For infrastructure providers like AWS, the questions shift toward configuration. AWS provides an extensive set of well documented security capabilities, but the well known reality of cloud security is that most cloud related incidents trace back to how a customer configured the service, not a failure in the underlying platform. The provider secures the cloud. You are responsible for security in the cloud, meaning your own configuration, access controls, and architecture. Assessing AWS is less about whether AWS itself is secure, which for the core platform it generally is, and more about whether your own setup on top of it follows recognised best practice.
The questions to ask directly
If you have a direct relationship or sales contact with a provider, do not hesitate to ask them plainly. Reasonable providers expect and welcome these questions from business customers, and their answers, or their absence, tell you something either way.
- Can you share your current SOC 2 report or equivalent audit evidence?
- Is our data used for training, and can this be disabled or is it already excluded by default for our tier of service?
- What is your data retention policy for our specific service, and can it be adjusted?
- Do you offer data residency in the UK or EU, and what do we need to configure to use it?
- Who are your sub processors for this service?
- What is your incident notification process if something affecting our data occurs?

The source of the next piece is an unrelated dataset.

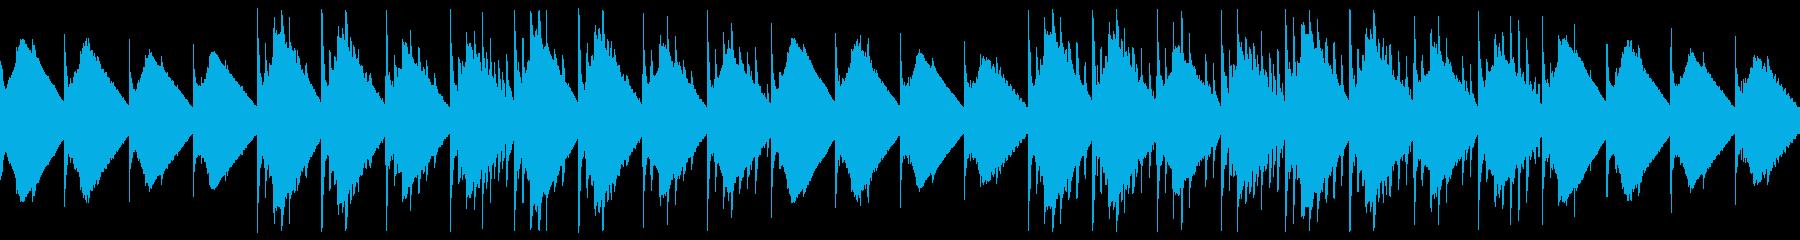 暗い雰囲気の洞窟風チップチューンサウンドの再生済みの波形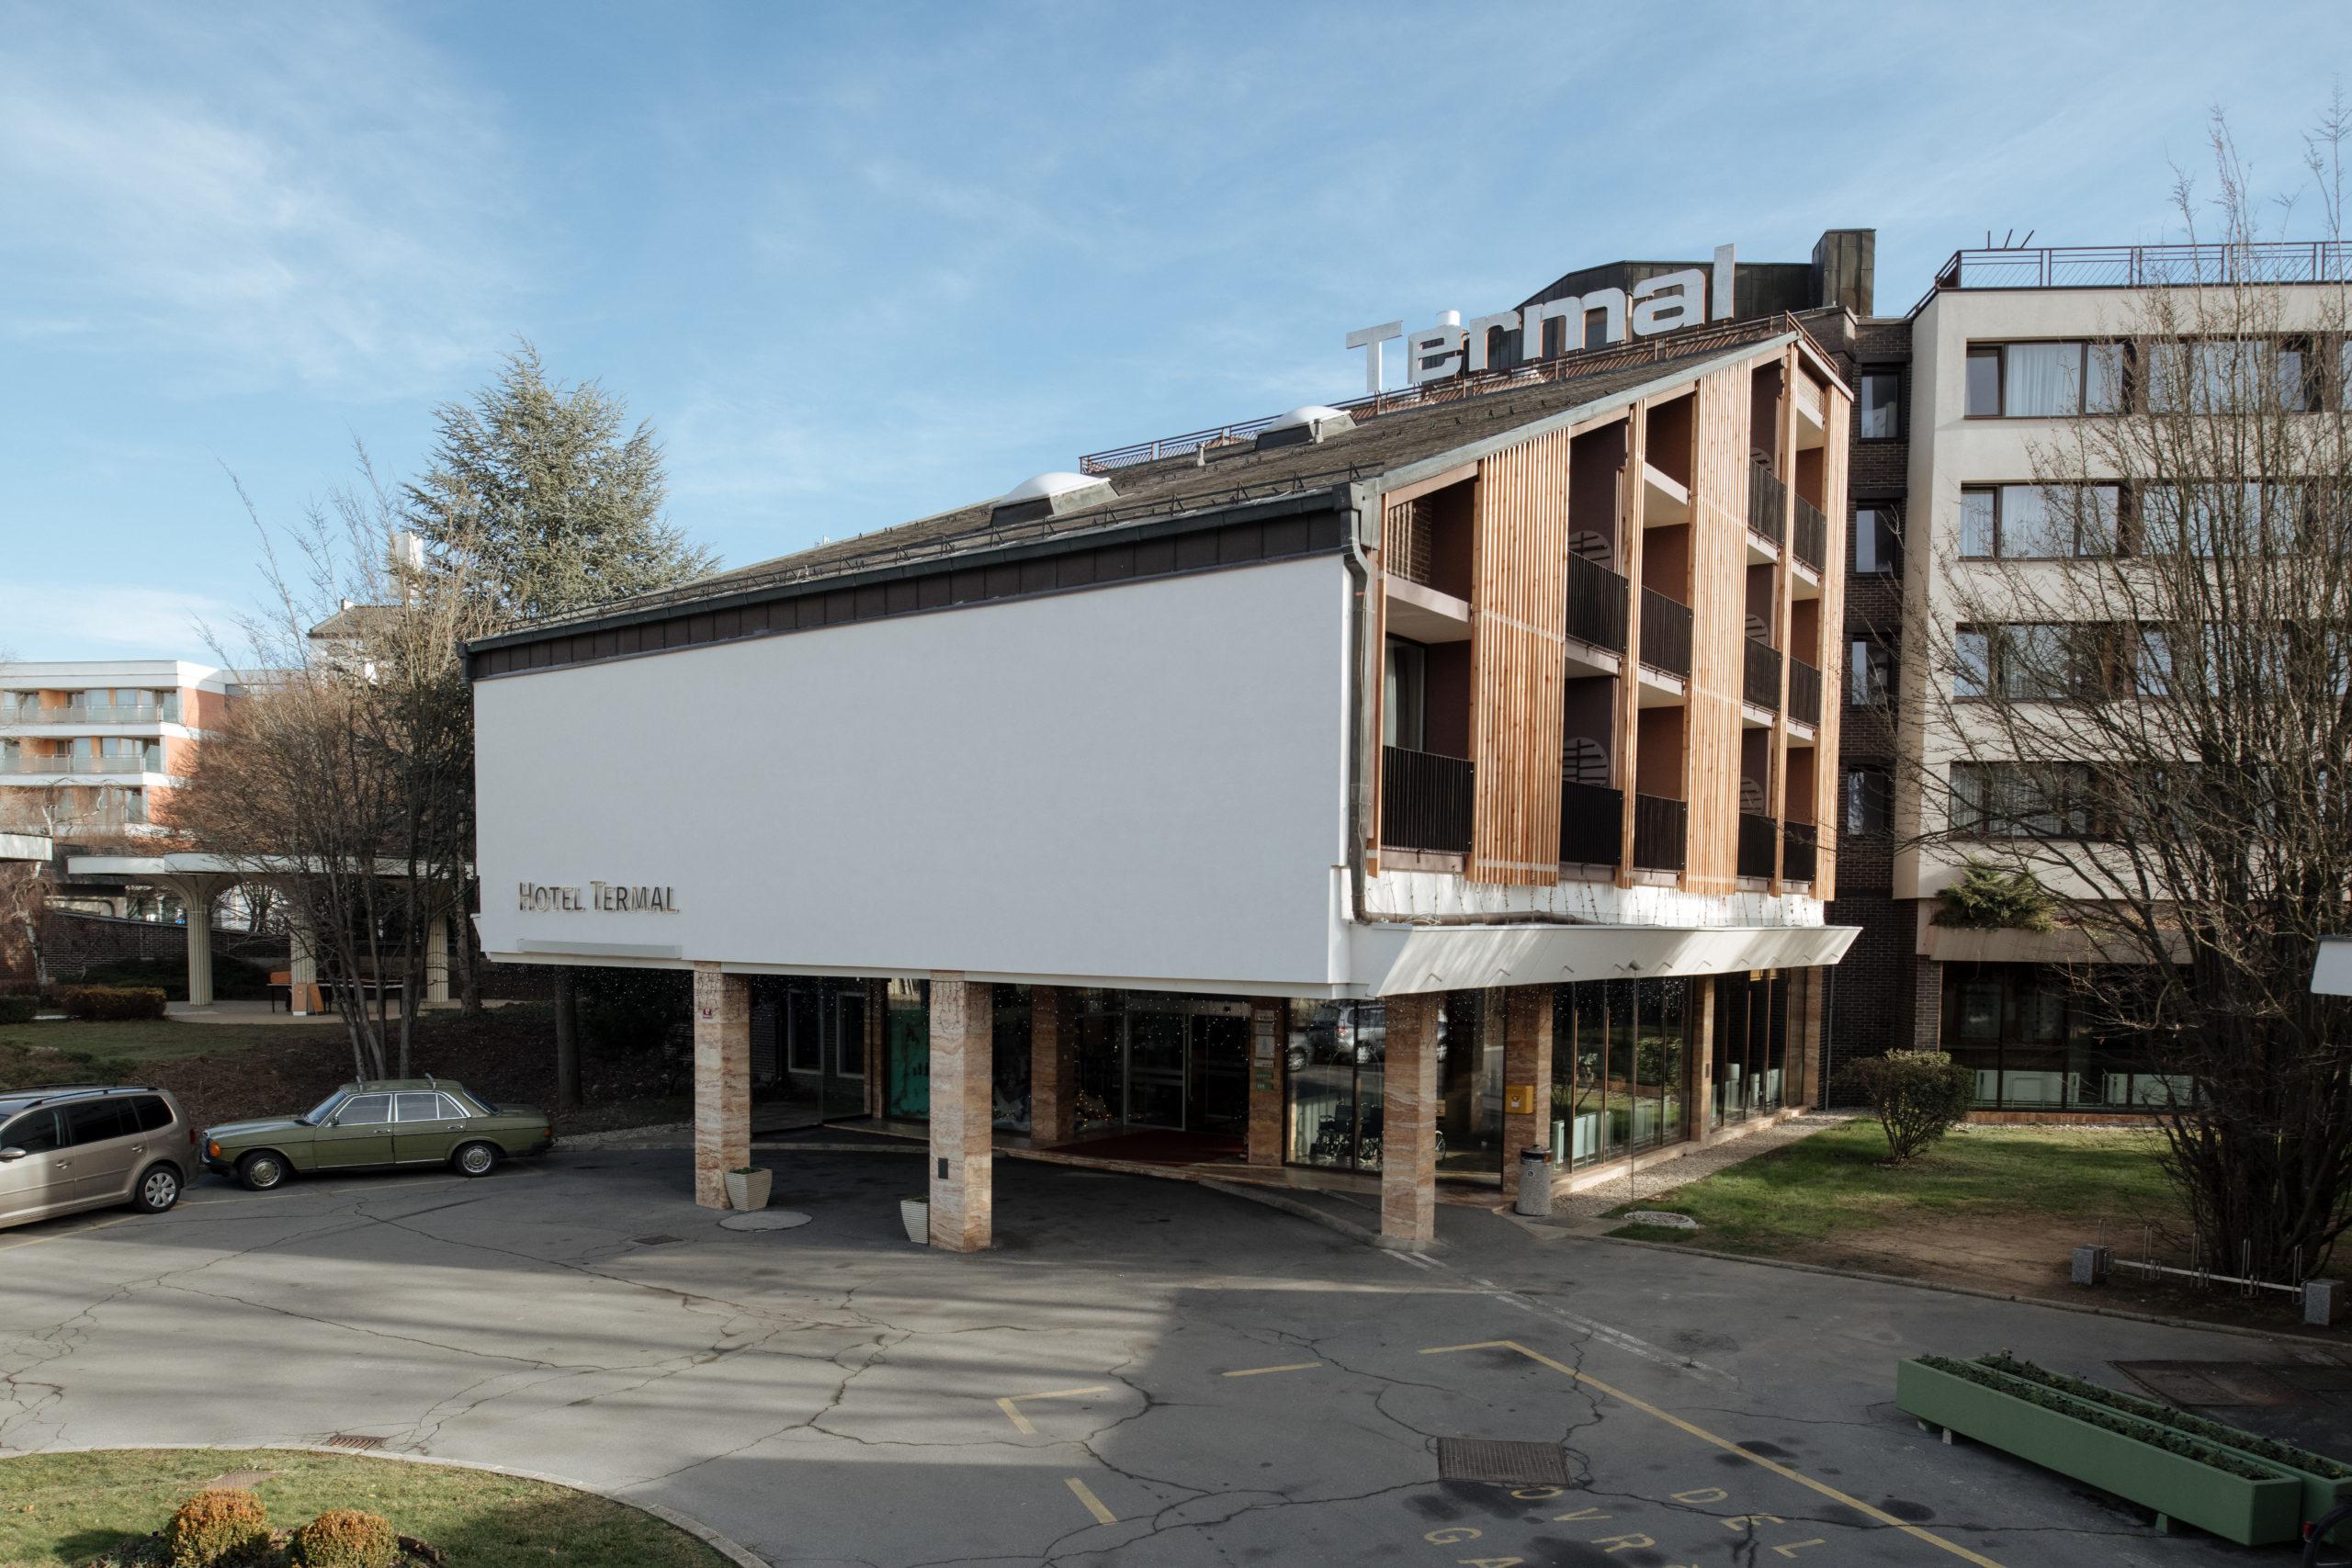 Hotel_Termal_new_facade_02_PhotoSK_2020

Why this protects you commercially, not just technically
There is a direct payoff for doing this work, beyond simply reducing your own risk. When your enterprise customer's security team asks how you vet your own AI and infrastructure providers, having real answers, drawn from an actual assessment rather than an assumption that a big name equals safe, is exactly the kind of maturity that builds buyer confidence. It shows you understand that security is a chain, and that you have checked every link you control, including the ones that are technically someone else's product.
Conversely, being unable to answer basic questions about your own providers signals the same gap that a hardcoded secret or an unclear data flow does. It suggests security has not been thought through end to end.
The honest takeaway
Building on major, well resourced providers is generally a sound decision, and it would be wrong to suggest otherwise. But sound does not mean automatic. Your responsibility does not end at the point you choose a reputable name. It continues through how you configure what they offer, what you actually enable, and whether you can answer, clearly and specifically, the same kind of questions your own enterprise buyers ask you.
Do that assessment deliberately, keep the evidence, and you turn what could be an unexamined assumption into a genuine strength you can point to when a buyer asks how your AI product handles risk across its entire chain, not just the part you built yourself.